None of these can be subject to a quota, but are they quotidian? Laundry is quotidian. A trip to Germany is not. Is the goal of getting my laundry done less of a worthy goal because it is quotidian?

Also, the trip to Germany can be quantified in the sense that the date will come and I will go to Germany and come back and then it will be done. Or accomplished, if you will.

What about my goal of staying healthy? That is open ended and ultimately not achievable. We will all die, some too soon like Zach, and others after a long and fruitful life. So I shorten my time frame on that goal and concentrate on eating right and sleeping properly. Exercise is what I get only at work, sad to say. When work ends, I will be faced with a challenge to exercise my body.

(I still haven’t looked up quotidian. I’m pretty sure I’ve got it right but if I don’t I’m looking awfully silly right now. I suppose another long term goal is to go out on a limb, to take chances, more often. No saws allowed!)

‘goal oriented’

Mom used this phrase on FB referring to my trip across the country with Jeremy. I don’t think I have a lot to say about it right now except I thought it was interesting in light of my earlier angst over the term.

I will continue to think upon the whole subject and will post more on it.

goals and striving

I’ve been thinking hard on all this. Today I think of ‘goals’ as associated with ‘striving’. I put them in quotes because they seem to have somewhat pejorative meanings.

I’ve long felt that the writings of the Chinese philosophers, in particular Chuang Tzu, represent how I like to look at the world and my life. Chaung Tzu speaks often of ‘striving’ in this pejorative sense, so when I think of ‘striving’ as a means to a ‘goal’, I have negative feelings.

Surely some goals are worthy, and therefore striving, or working, towards them is not a bad thing.

What are my goals?, Linda asked yesterday. I had some wordy answers, some of which I posted here. Today I’m thinking I want to live, as long as my health is reasonably good. That can be the basis for many things.

To be continued . . .

goals

I had a session today with a ‘Life Coach’. Linda is a person I met at the Compassionate Friends meeting. She lost her 4 year old daughter 11 years ago.

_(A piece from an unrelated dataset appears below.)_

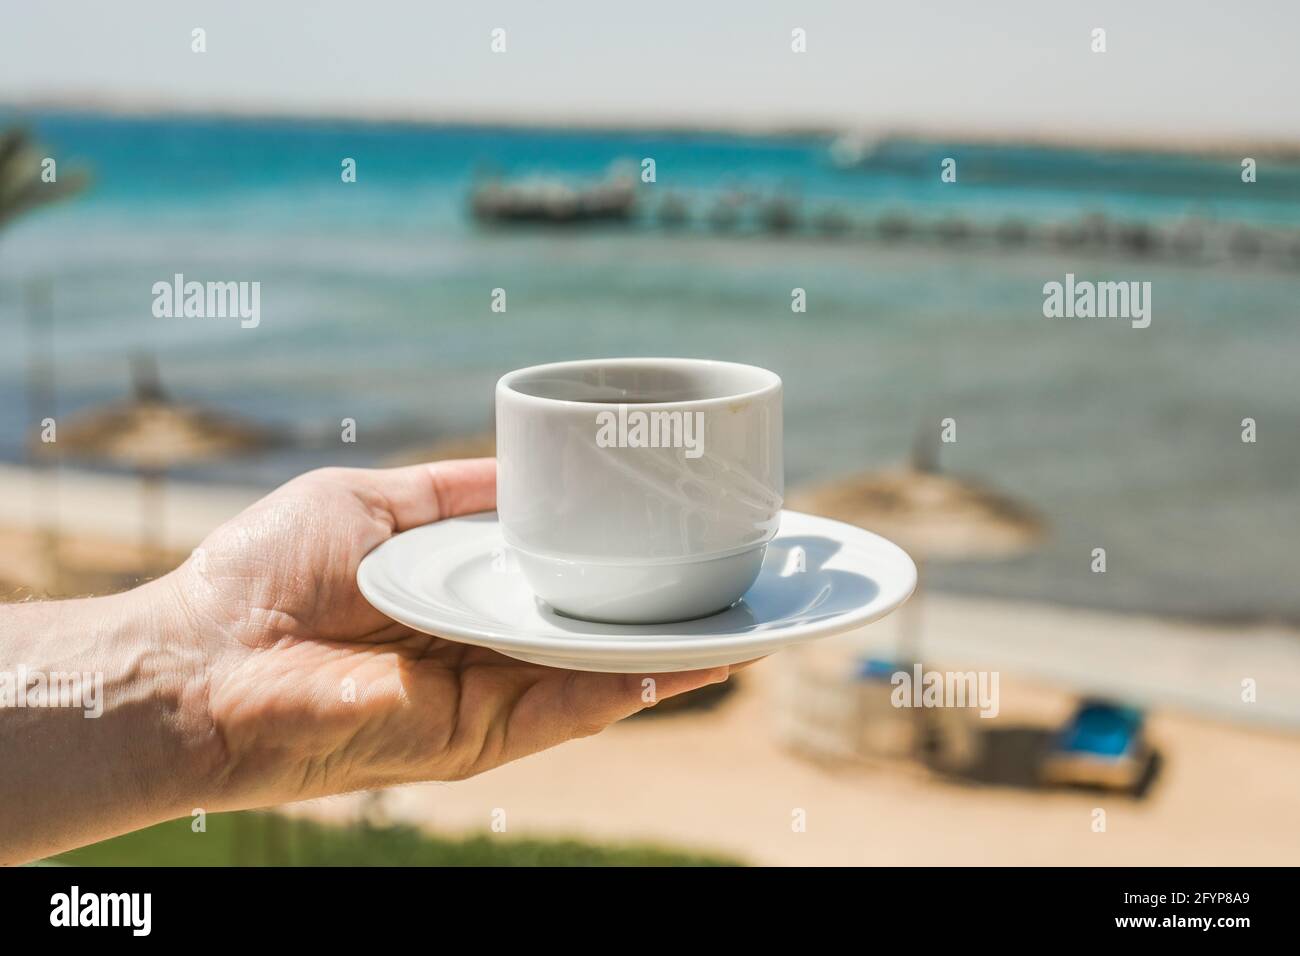 https://c8.alamy.com/comp/2FYP8A9/man-hands-holding-cup-of-coffee-good-morning-sunrise-concept-lets-start-a-new-day-space-for-text-2FYP8A9.jpg

I had complained to her that I was often feeling directionless especially since my therapist, Dr Perry, had left the area. I’ve tried other therapists but none seem to fit as well as Dr Perry had.

Her emphasis on looking forward rather than behind seemed to me to be a good approach. Bottom line after our long talk is that I need to decide what my goals are and whether I’m willing to work to achieve them. Her role would be to help me with that work so for the time being I’m on my own.

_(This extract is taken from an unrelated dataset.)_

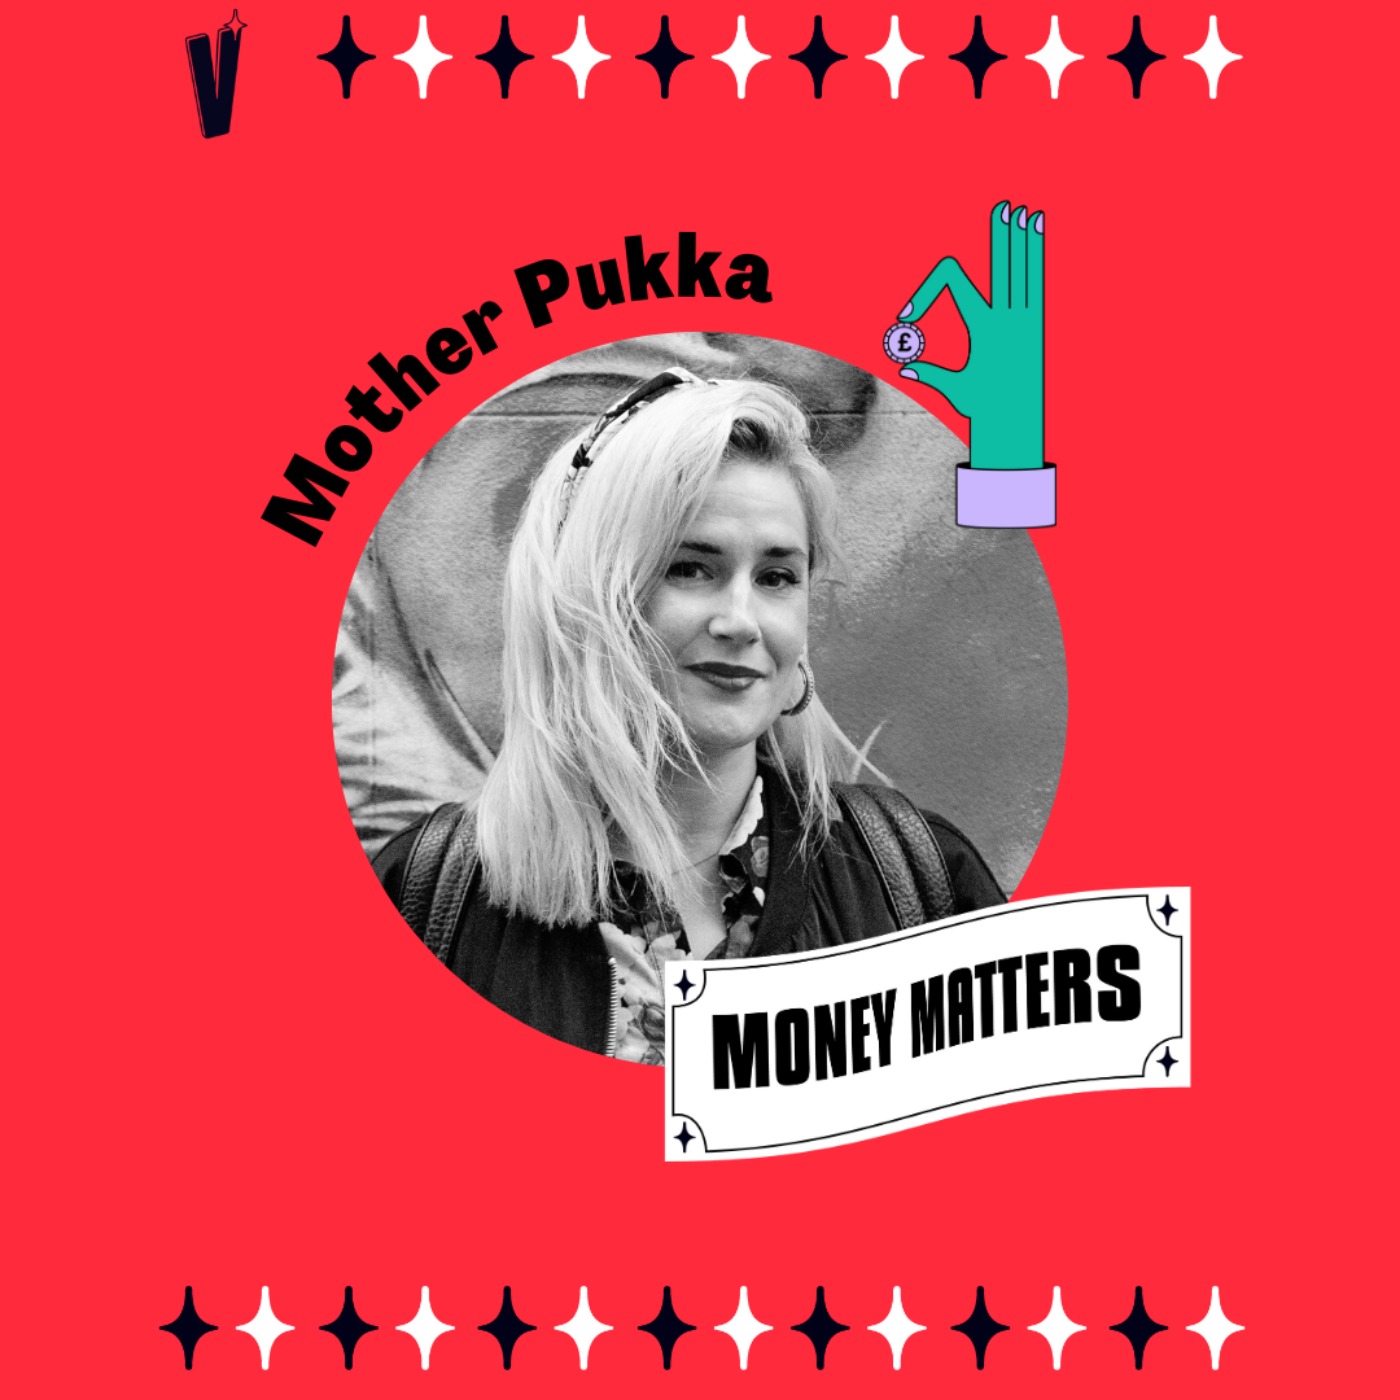 Inclusive Working with Mother Pukka (Money Matters Festival 2022)

So, what are my goals? I said I wanted to be able to spend time with my children and grandchildren – to the extent that they would have me. I mentioned playing music; I mentioned photography; I mentioned riding my bike; I mentioned travel. When it came right down to the idea of working towards those ‘goals’, I foundered. What does that mean exactly? When I have the day off and nothing scheduled, why do I (often) do none of those things?

I told her that in my non-work life, I’ve always followed the path that interested me at the moment without regard to longer-term ‘goals’. That approach led to a bad marriage but also three fine children. How should my goals have been different? How could I, at age 25, made a life goal with any reasonable expectation of it coming to pass? The idea of doing that now is a big adjustment. I told her Zach had goals, lots of them, and now they’re ashes.

I tried to get her to give me an example of what she meant by ‘working’ on my goals but she dodged. She had already told me that until I was willing to work on my goals there was nothing she could help me with. That stung a little.

I promised her I would think seriously about goals and my relationship to them and we will talk again in a couple of months. I set up a new category here so I hope to revisit this subject often.